Судьба эта, наконец, решена и в самом благоприятном смысле. Вот что пишет вдова великого ученого Анна Ивановна: «На долю мне выпало редкое счастье увидеть осуществление справедливого большого дела и чувствовать в глубине души, что все, сделанное мной, не было ошибкой. После вашего письма в “Нов. вр.”, за которое скажу спасибо не одна я, ко мне обратились представители Русского химического общества с предложением просить Н. Н. Зинина, директора Донского политехнического института, уступить кабинет-библиотеку Дмитрия Ивановича, которую мы совсем уже согласились ему отдать, отчаявшись во всем другом. Химическое общество нашло деньги»68.
И далее про капитал Густавсона и «благороднейшего Н. Н. Зинина», отказавшегося от покупки кабинета и библиотеки. Затем Меньшиков воздал хвалу «чуткому сердцу» Анны Ивановны и капиталу Густавсона, благодаря которым удалось спасти «менделеевское ученое гнездо от ссылки в место более отдаленное, в глухое для всей России заточенье»69. Действительно, все замечательно.

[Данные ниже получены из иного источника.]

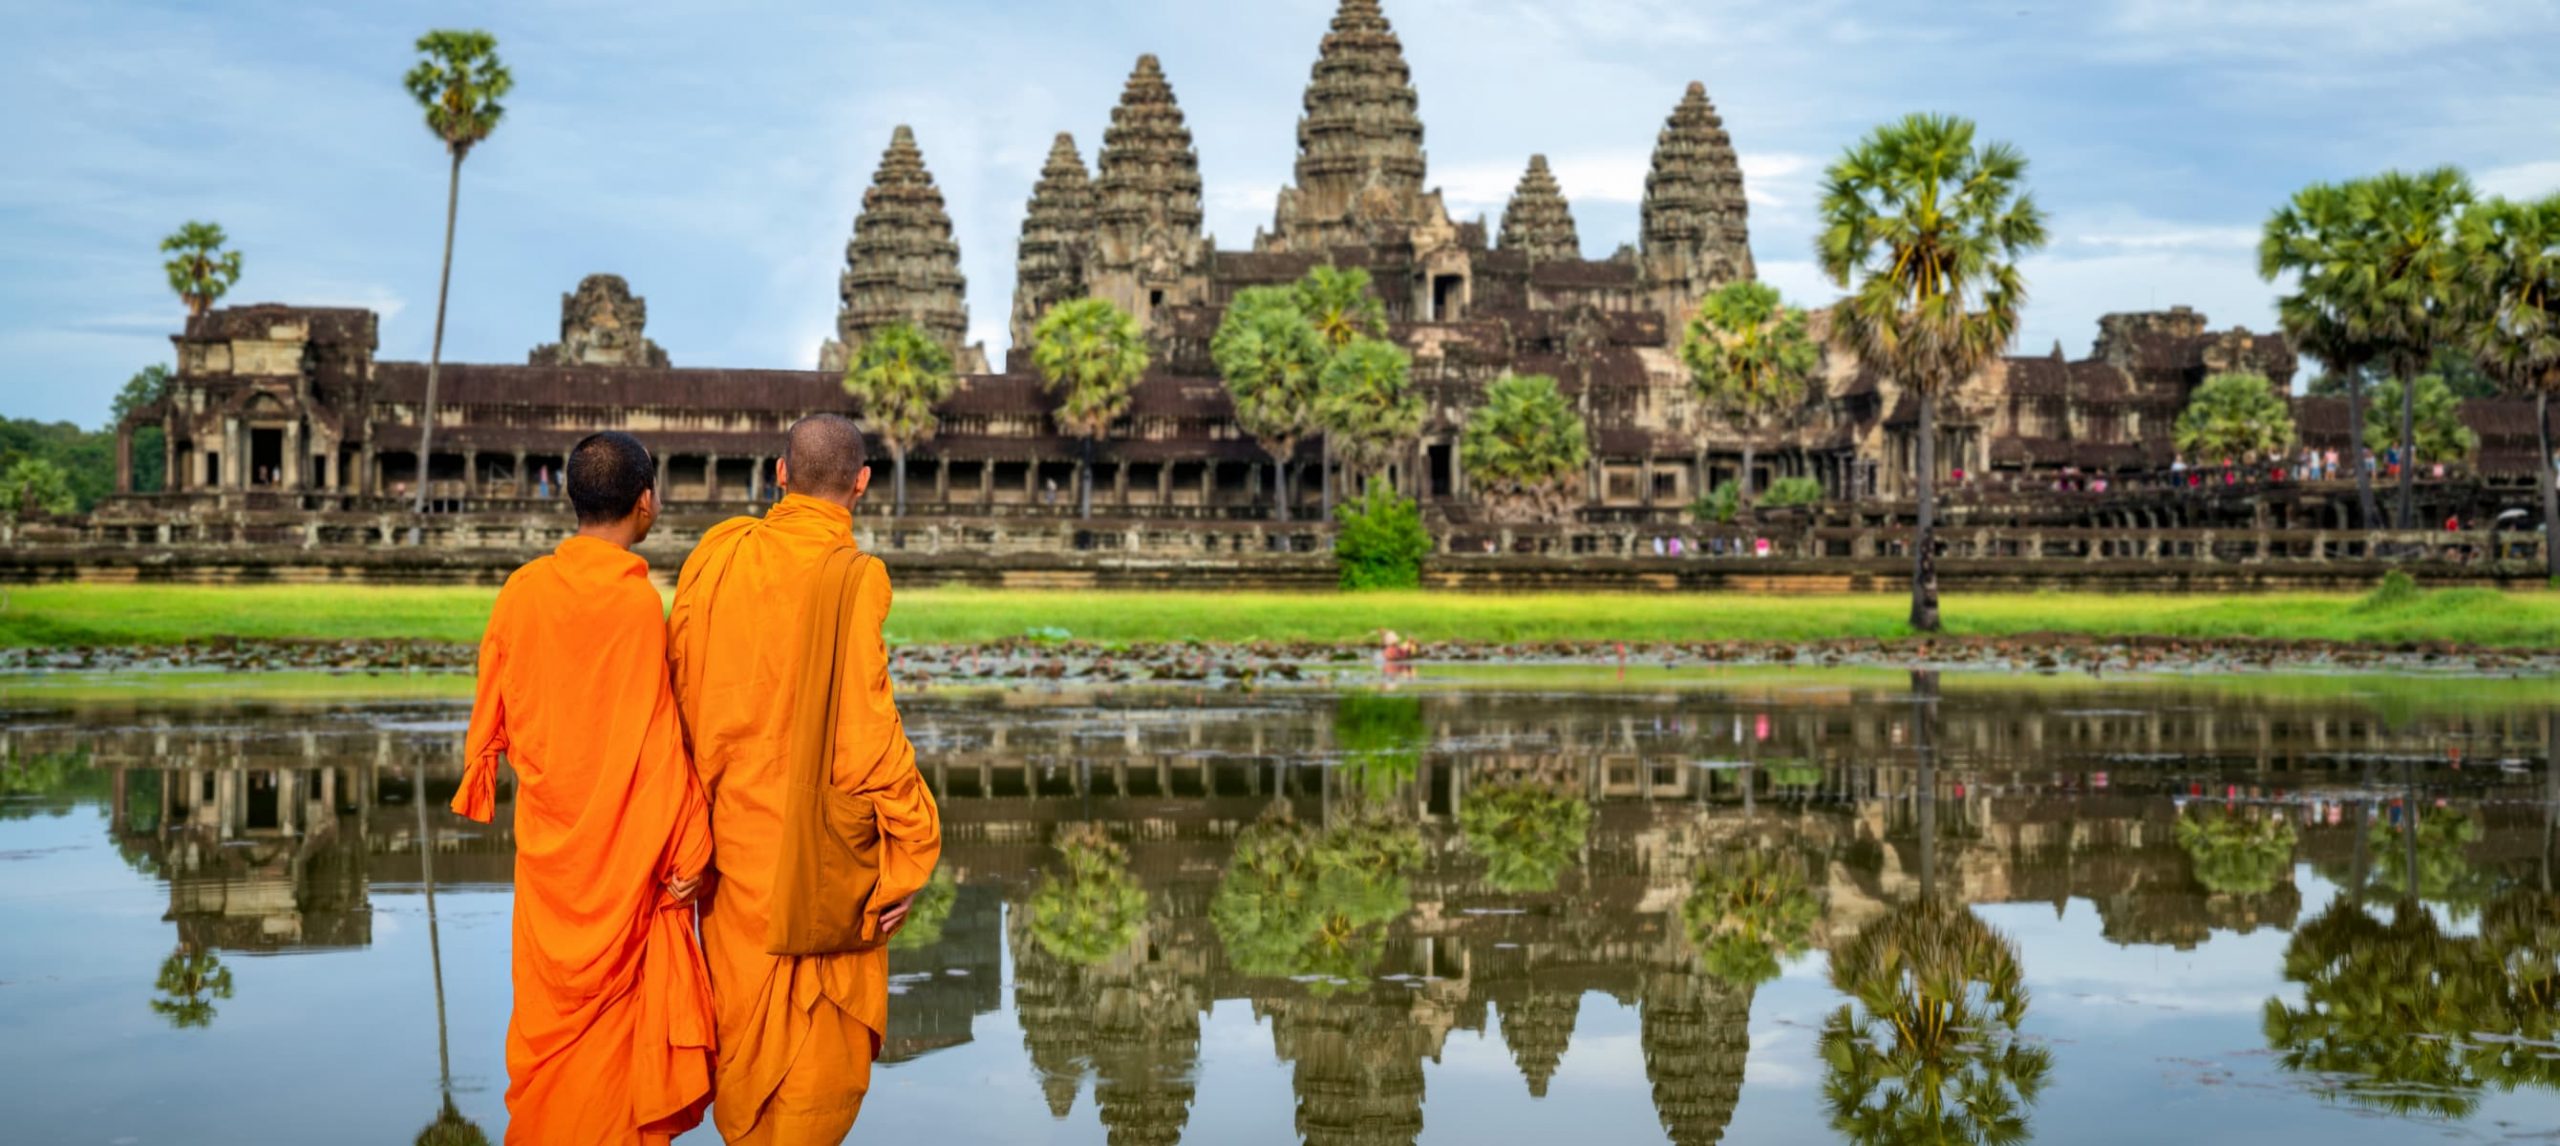 Two monks in Angkor Wat, in Cambodia.

Хотя, на мой взгляд, приведенное Меньшиковым письмо Анны Ивановны вызывает глубокие сомнения в том, что это ее текст, стиль не тот70.
70. Любопытно, что впоследствии часть жизни Анны Ивановны была связана с Новочеркасском. Она уехала туда осенью 1917 г. и провела в этом городе тяжелое время Гражданской войны. Там, на Дону, она занималась благотворительной деятельностью, возглавляла попечительный совет Донского религиозно-нравственного и благотворительного общества «Утоли моя печали», организовала детский дом, названный менделеевским, участвовала в организации Школы прикладных искусств Всевеликого войска Донского, а в 1920 г. совет Донского педагогического института избрал ее профессором по кафедре искусств. В Петроград она вернулась в 1921 г. Благодаря усилиям Тищенко и Курнакова Анне Ивановне постановлением Совнаркома от 3 апреля 1923 г. была назначена персональная пенсия. Последние годы жизни она провела в Общежитии ученых (Ленинград, ул. Халтурина, д. 27 (ныне ул. Миллионная). Умерла во время блокады Ленинграда 13 января 1942 г. (Кустов. Анна Ивановна Менделеева… C. 166–167).

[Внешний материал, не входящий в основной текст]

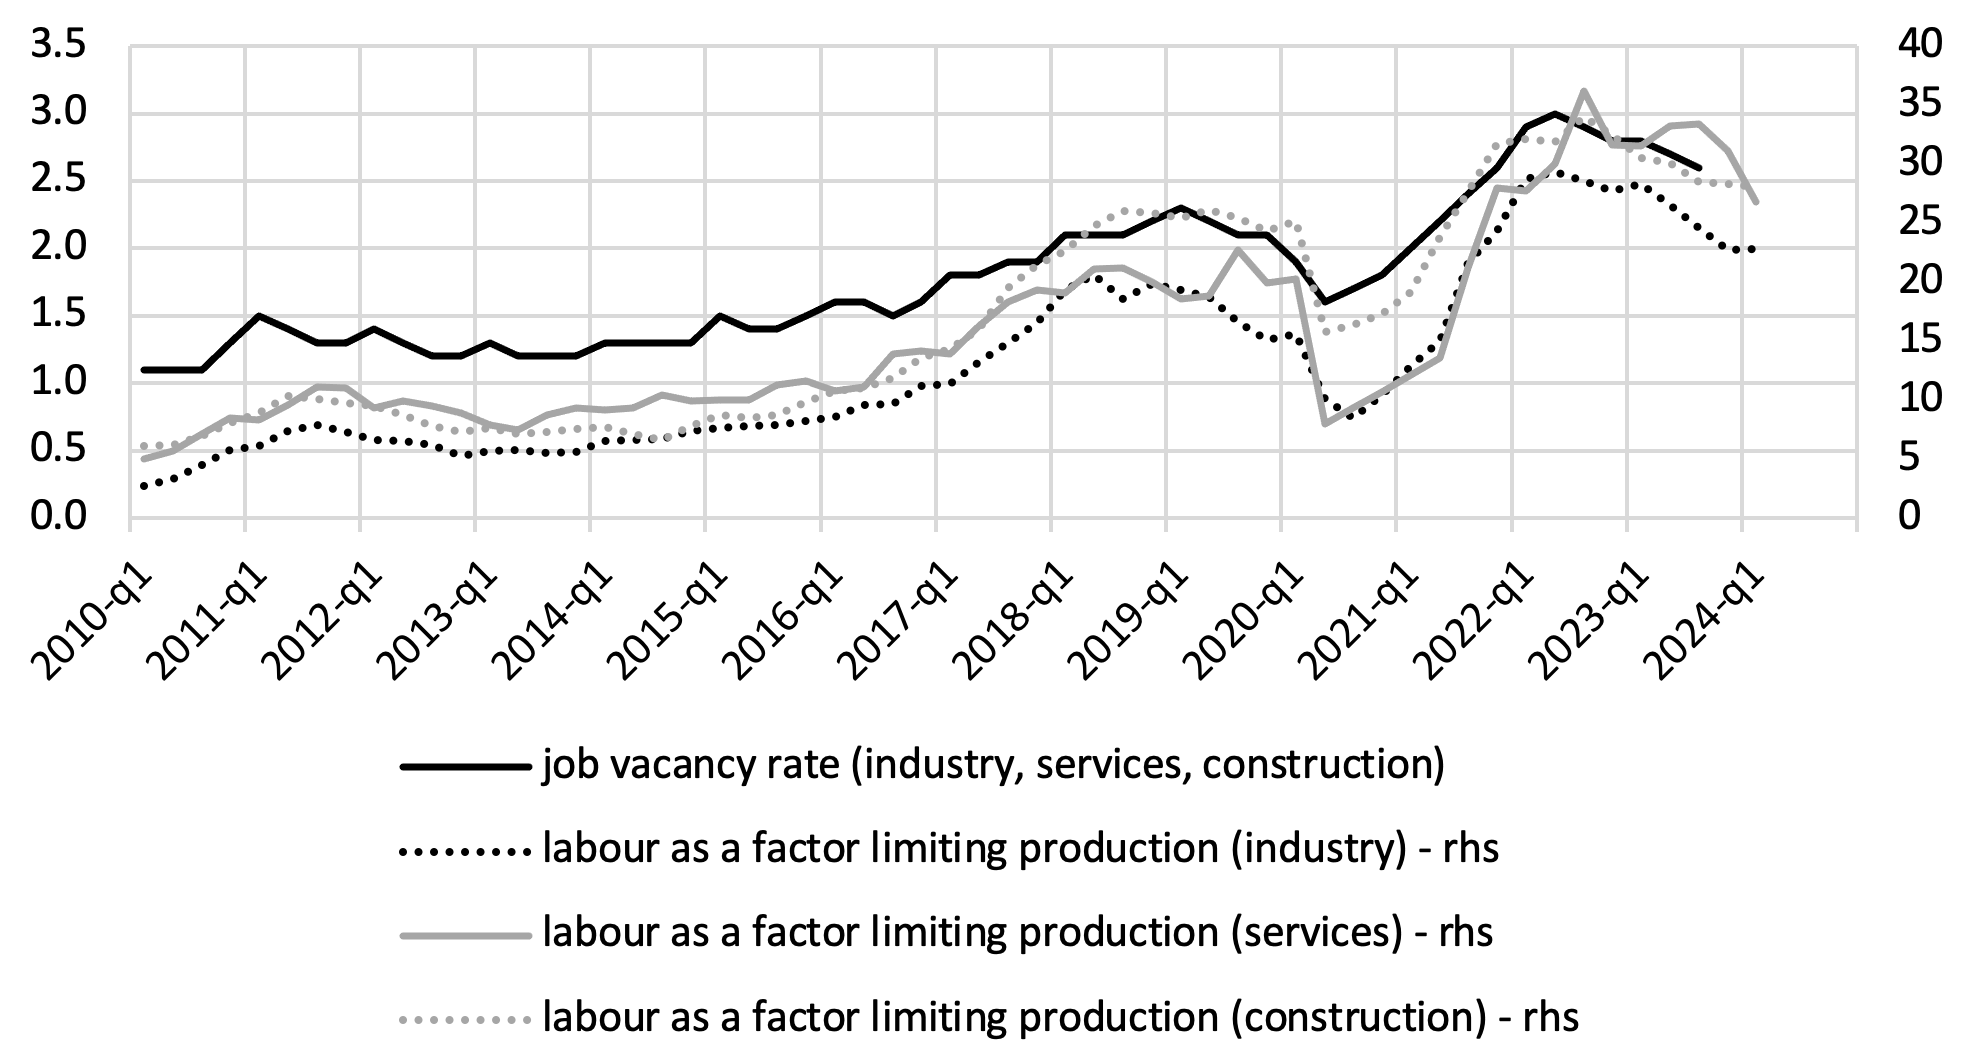 Figure 1 EU job vacancy rate and shortage of labour as a factor limiting production

Но по-настоящему радостная весть пришла примерно месяц спустя, 16 марта 1910 г. (правда, в университете о ней узнали позднее).
Закрытие денежного вопроса
Из письма министра финансов, статс-секретаря В. Н. Коковцова (№ 2331 от 16 марта 1910 г.) министру народного просвещения:
«Государь император по всеподданнейшему докладу моему в 12 день сего марта ВЫСОЧАЙШЕ повелеть соизволил отпустить из средств государственного казначейства 15 000 руб. на приобретение библиотеки и кабинета покойного профессора Менделеева для устройства музея его имени в здании ИМПЕРАТОРСКОГО С.-Петербургского университета.
Сообщая о таковом ВЫСОЧАЙШЕМ повелении имею честь уведомить Ваше Превосходительство, что вместе с сим предписано Главному казначейству открыть к смете Министерства народного просвещения 1910 г. особым последним § кредит в 15 000 руб. для отпуска этих денег по требованию Департамента народного просвещения на вышеуказанную надобность.
Министр финансов
Статс-секретарь [подпись]»71
22 марта 1910 г. Шварц известил университет о предоставлении средств для организации музея Менделеева72.
Теперь можно было приступать делу. 30 марта 1910 г. Тищенко пишет вдове Менделеева:
«Многоуважаемая Анна Ивановна!
Вопрос о передаче библиотеки и кабинета Дмитрия Ивановича университету решен в благоприятном смысле. Передача должна состояться в недалеком будущем, а так как в настоящее время составляется смета на ремонтные работы, то желательно наметить помещение, необходимое под Менделеевский музей, чтобы летом произвести необходимые работы. Так как Вам хорошо известны размеры бывшего кабинета Дмитрия Ивановича, то не будете ли Вы столь любезны на месте указать нам и размеры необходимого помещения, и желательные переделки его. В пятницу 2 апреля в 3 часа дня мы с ректором (Д. Д. Гриммом. – И. Д., Е. Т.-Б.) и проректором из канцелярии университета пойдем на главный подъезд отводить помещение под музей. Весьма были бы Вам благодарны, если бы Вы приехали к 3 час. в канцелярию университета и помогли нам своими советами.
С истинным уважением,
В. Тищенко
30/III 191073
Из «Отчета по сбору пожертвований на Институт имени Менделеева»:
«В марте 1910 г. ходатайство это было удовлетворено, и кабинет Д. И. вместе с имевшейся в нем библиотекой поступил в собственность университета. Для устройства музея советом университета отведена часть того помещения, где находилась прежде квартира Дм. Ив., со входом с главного подъезда»74.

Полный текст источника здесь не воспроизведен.